Sem aprofundar as motivações eleitorais, o apelo de políticos experimentados para que Lula evite a pauta de costumes durante a campanha revela a fragilidade do Brasil em debater com efetividade uma agenda representativa, a despeito do crescente interesse do eleitorado, sobretudo mais jovem.
É sintoma do mesmo problema a profunda desigualdade racial e de gênero nos espaços de poder, materializado de forma mais recente em duas fotografias protagonizadas pelo petista: a reunião com a cúpula do PSB, em São Paulo, que selou a indicação formal para Geraldo Alckmin integrar a chapa, na semana passada, além do jantar oferecido em Brasília, na segunda-feira (11), pelo ex-presidente do Senado Eunício Oliveira. Dos 37 convidados, apenas três eram políticas mulheres.

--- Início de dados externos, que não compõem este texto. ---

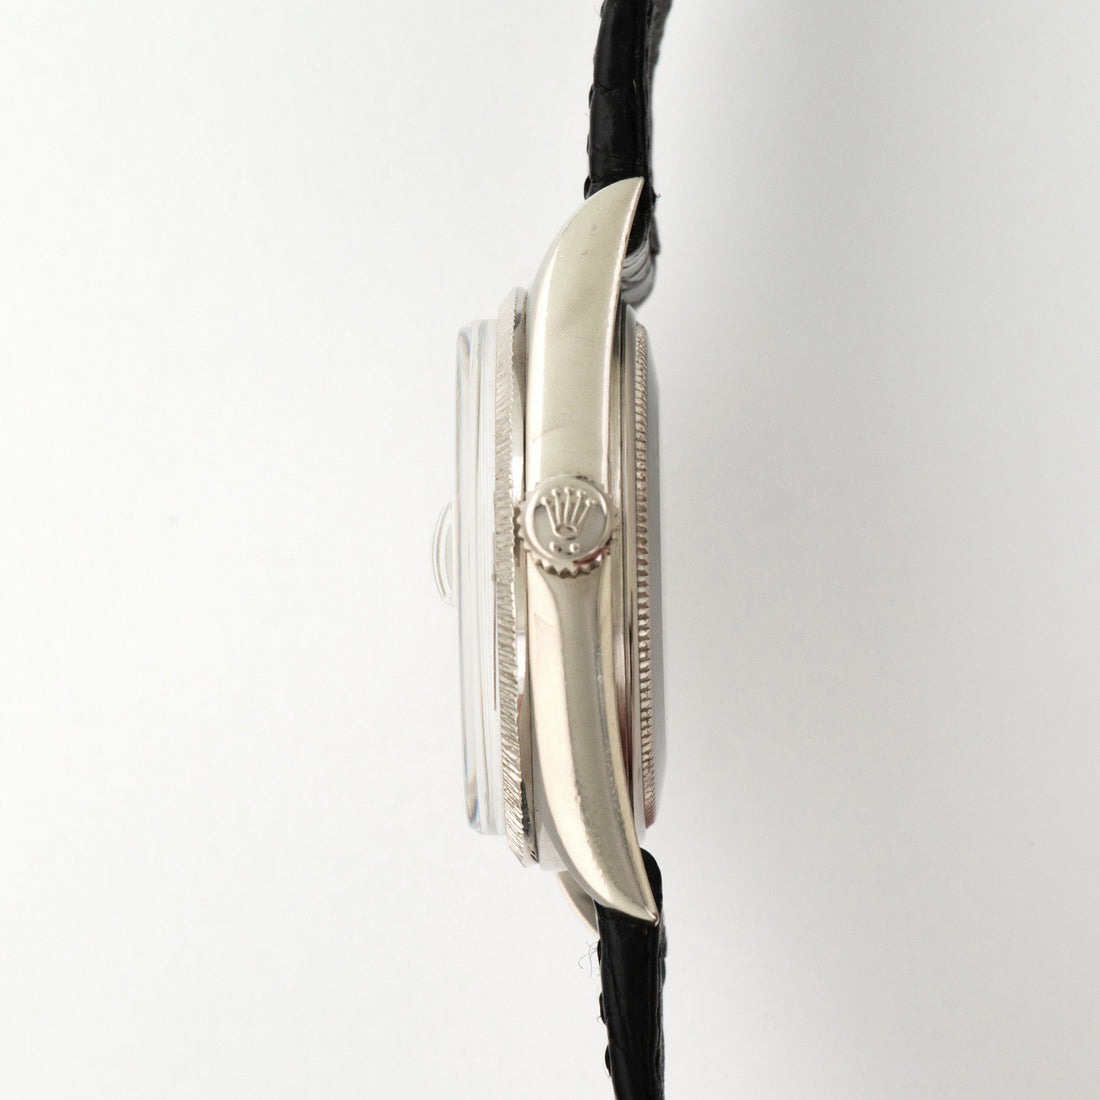 Rolex White Gold Day-Date Watch Ref. 1807

A ocasião também foi marcada pela articulação de lideranças regionais do MDB, embora minoritárias no partido, na contramão da candidatura presidencial da própria legenda, da senadora Simone Tebet.
No entorno da campanha da única mulher no pleito, há uma pertinente reflexão sobre os efeitos do que seria um confinamento da agenda identitária no país por partidos de esquerda. O que o monopólio do tema representou em termos de política pública e divisão igualitária nos espaços de tomada de decisão?

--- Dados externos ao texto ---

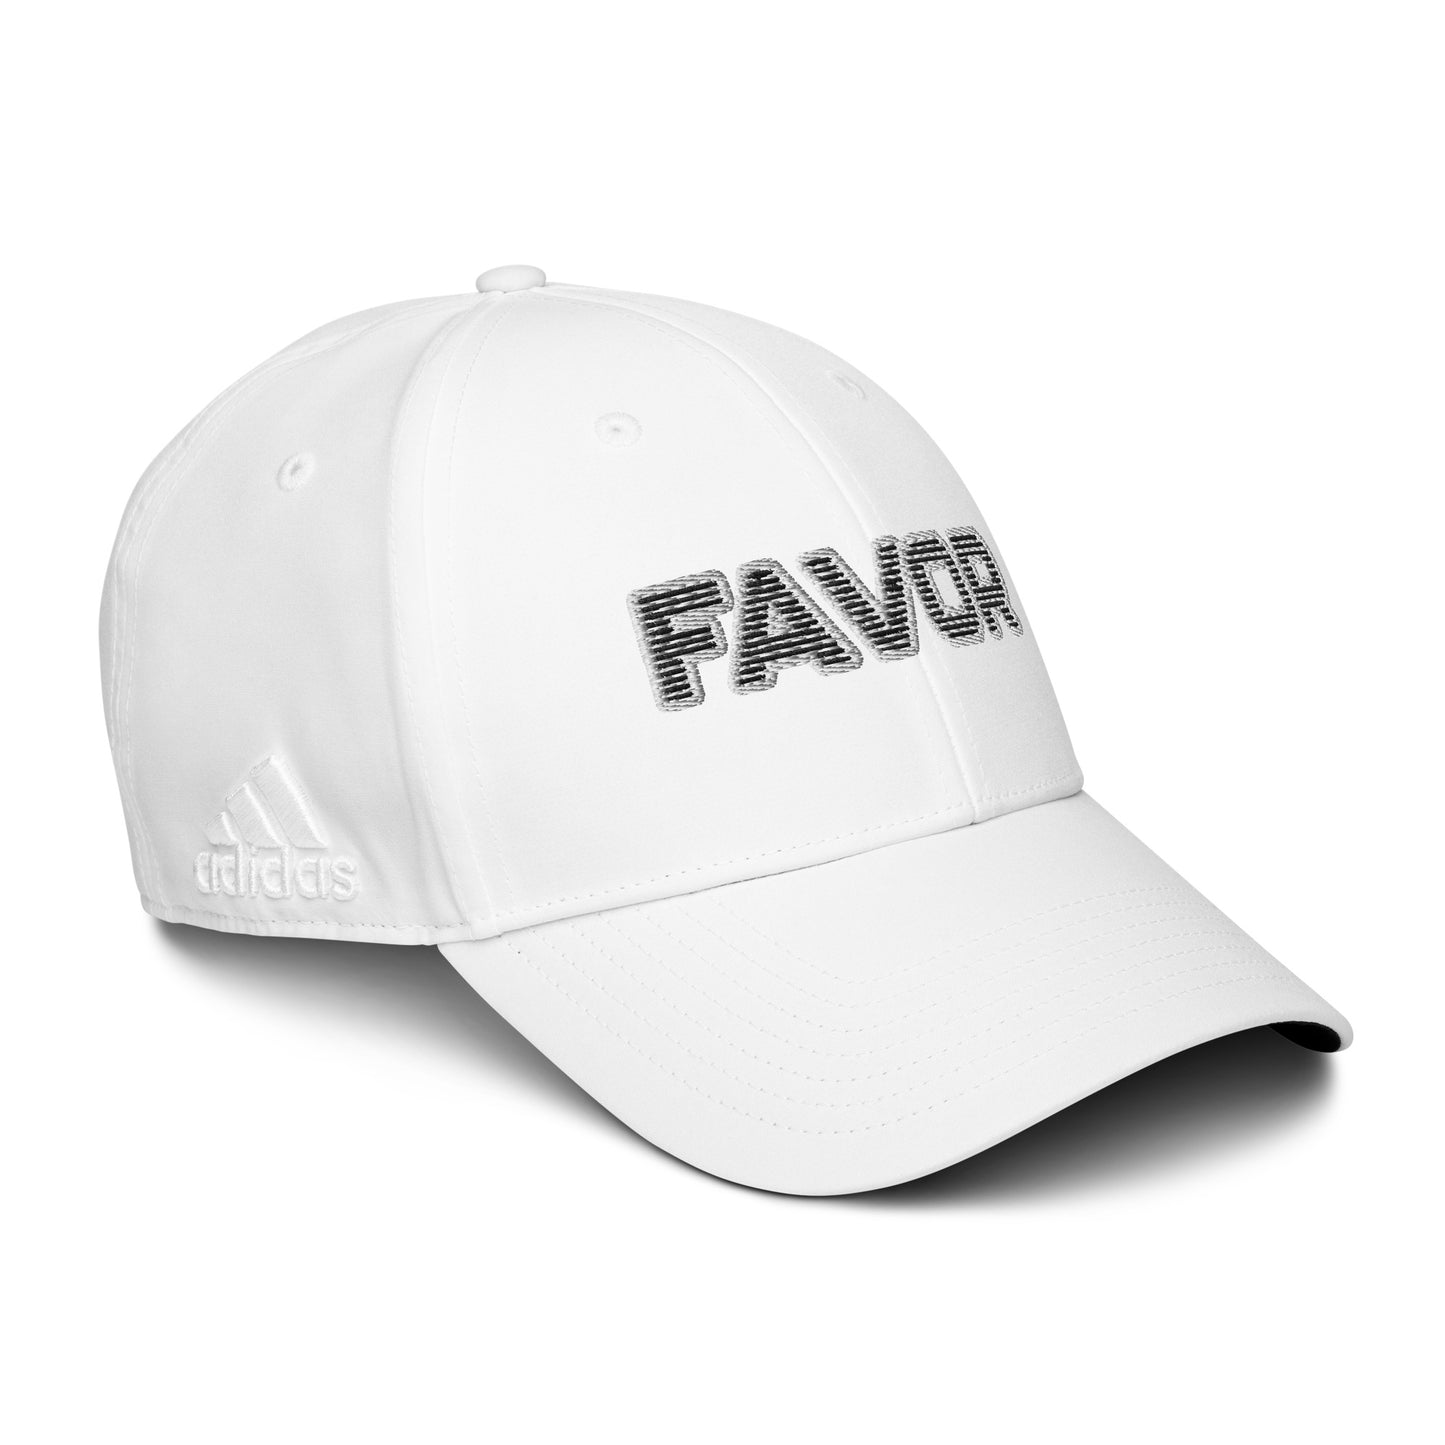 FAVOR- adidas dad hat

“É preciso dissociar uma pauta progressista da populista. Chega na campanha e as mulheres são usadas como totem. Mas, antes disso, fica claro que não há sequer respeito às normas na direção de mais participação feminina na política”, pondera a economista da pré-candidatura de Tebet, Elena Landau, citando ainda ataques misóginos disparados contra figuras como a ex-presidente Dilma Rousseff e a deputada federal Tabata Amaral.

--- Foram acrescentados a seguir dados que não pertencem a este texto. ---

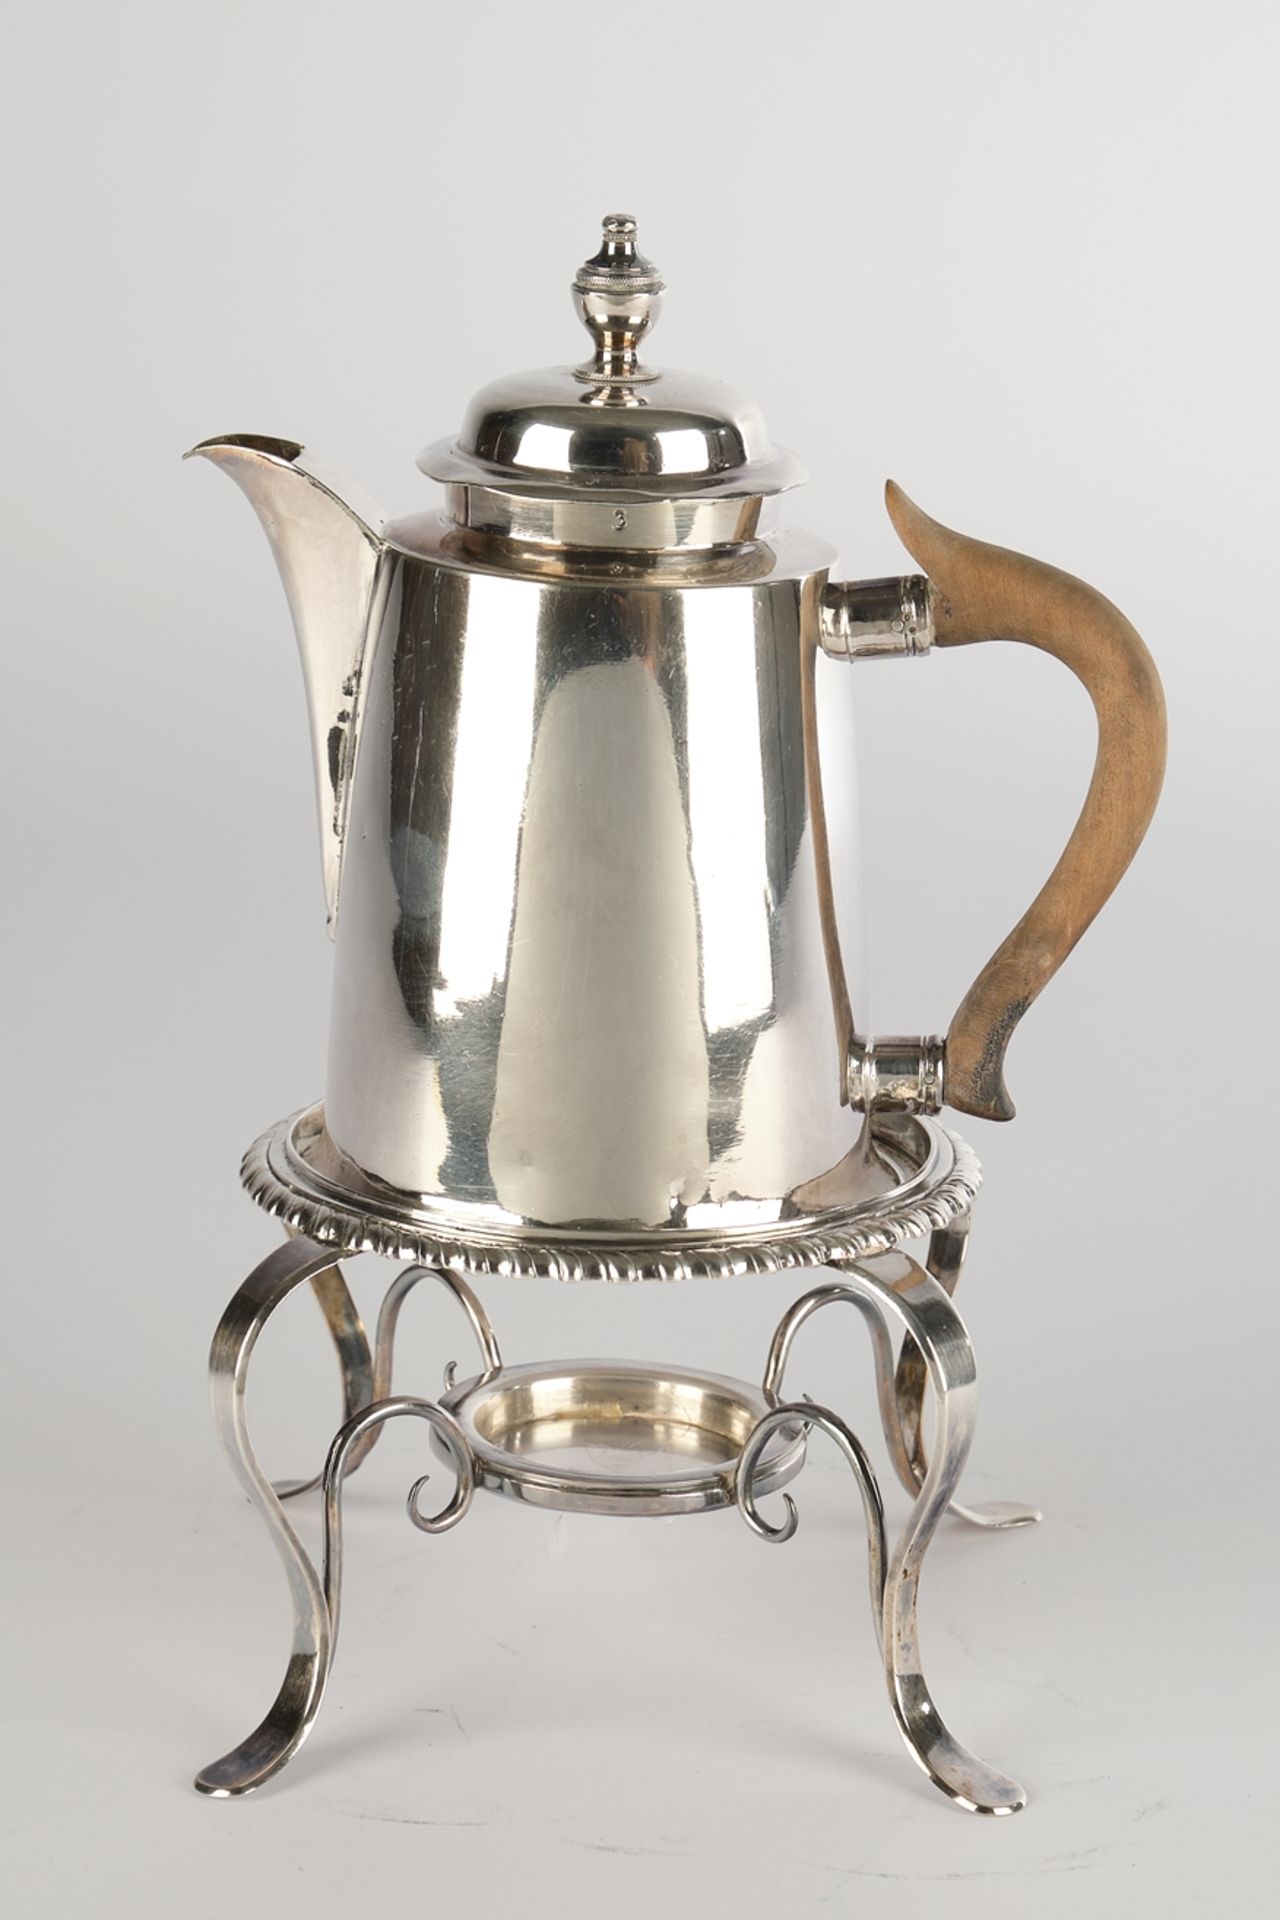 Kaffeekanne, Silber 13-lötig, deutsch, 19. Jh., Tremolierstich, konische glatte Form brauner Holzhe

A rotina de negociações no Congresso oferece ainda um outro elemento de provocação, relacionado à dificuldade enfrentada por parlamentares mulheres de partidos de centro em buscar consenso, com o campo da esquerda, sobre projetos que interessam como um todo à bancada feminina. Um exemplo é a aprovação da PEC18/21, que constitucionaliza a exigência de aplicação de recursos para estimular o ingresso feminino na política. A aprovação do texto na Câmara, no mês passado, contou com a orientação contrária do PSOL, sob o argumento de que o texto também prevê uma espécie de anistia aos partidos que não cumpriram as regras antes da promulgação da medida.
“Nos momentos de discussões políticas de alto nível as mulheres estão em postos como militância e filiação. Não ocupam espaço de decisão. O efeito disso é que não ganhamos protagonismo porque não estamos na agenda, e isso se retroalimenta”, ressalta a relatora do texto, deputada Margarete Coelho (PP-PI).
Se a democracia é a busca pela maioria, a lógica de que o bom é inimigo do ótimo é uma forma de retardar avanços estruturais. Em um ambiente machista e masculino como a política, o caminho para a mitigação da desigualdade de gênero é pela via suprapartidária.
Caso contrário, o timing do debate de questões que dizem respeito a nós, mulheres, seguirá verbalizado por velhos oligarcas que detêm a hegemonia do poder. Ou silenciado.